• Problem description
The answer must be only the lines below from the one holding "Qanvee Water Change Kit | S-6 Model" down to the one holding "Ce magnifique pendentif", ends included, printed exactly; please omit all pictures.

• Data under study
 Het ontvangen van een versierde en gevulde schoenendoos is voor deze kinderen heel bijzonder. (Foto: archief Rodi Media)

--

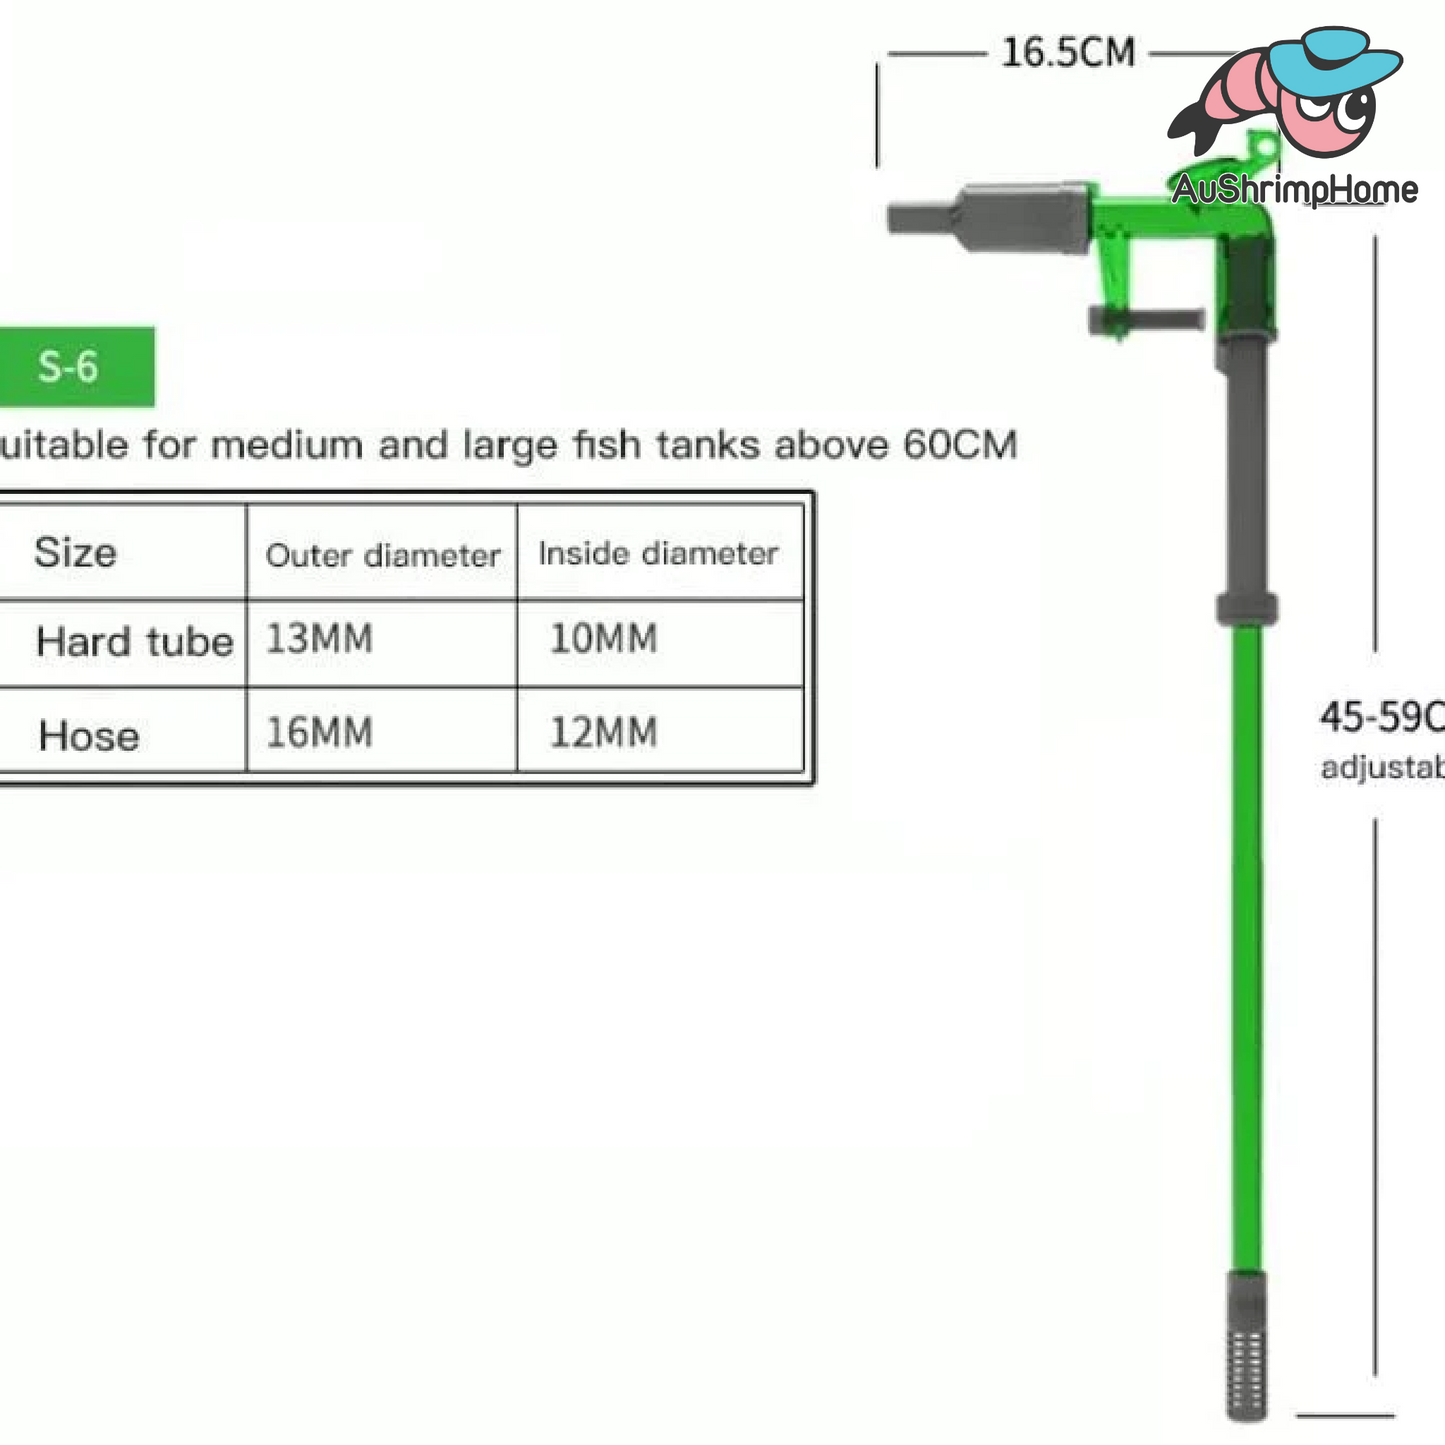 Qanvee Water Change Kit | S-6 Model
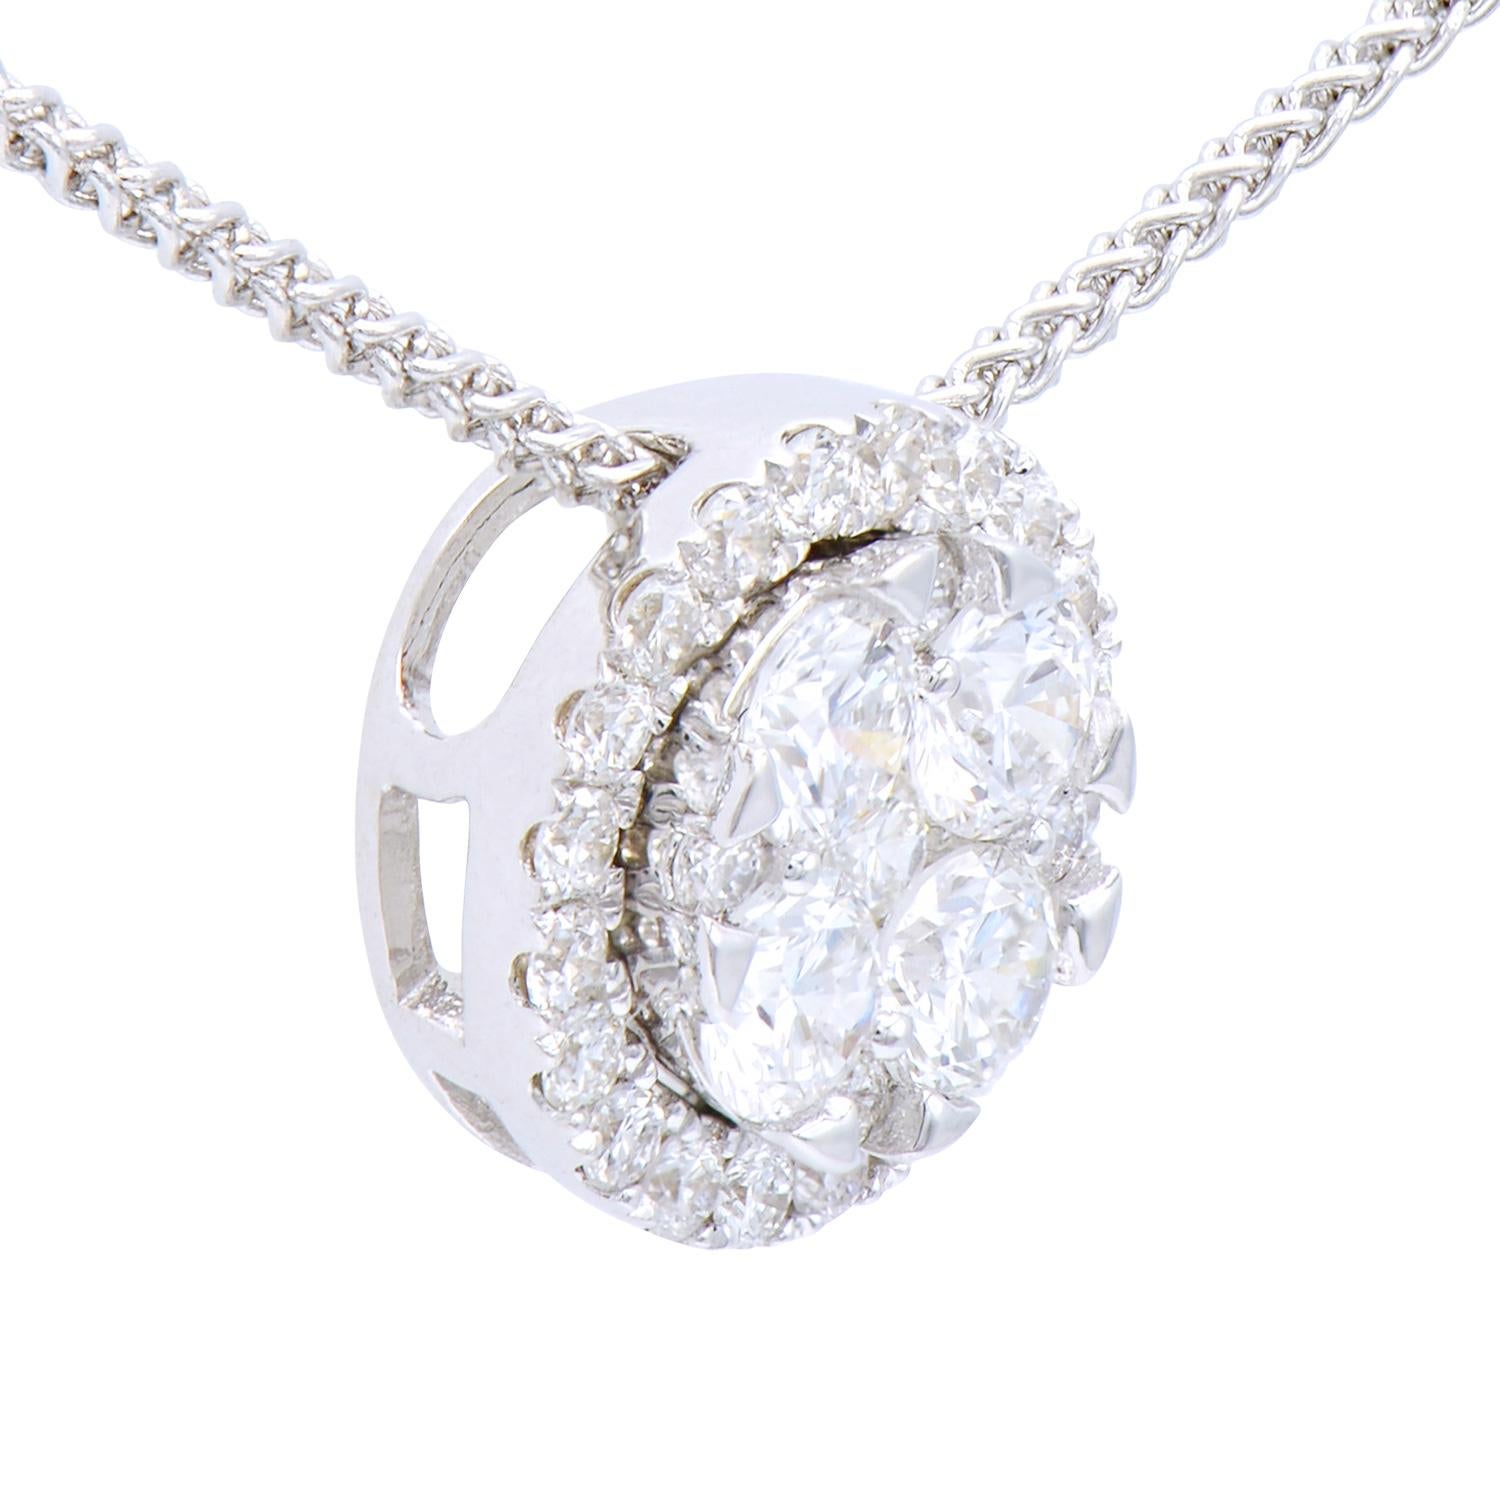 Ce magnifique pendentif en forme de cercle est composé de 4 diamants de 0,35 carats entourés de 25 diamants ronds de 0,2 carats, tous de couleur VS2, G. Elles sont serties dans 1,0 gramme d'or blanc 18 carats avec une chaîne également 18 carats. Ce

• Exercise result
 Qanvee Water Change Kit | S-6 Model
 Ce magnifique pendentif en forme de cercle est composé de 4 diamants de 0,35 carats entourés de 25 diamants ronds de 0,2 carats, tous de couleur VS2, G. Elles sont serties dans 1,0 gramme d'or blanc 18 carats avec une chaîne également 18 carats. Ce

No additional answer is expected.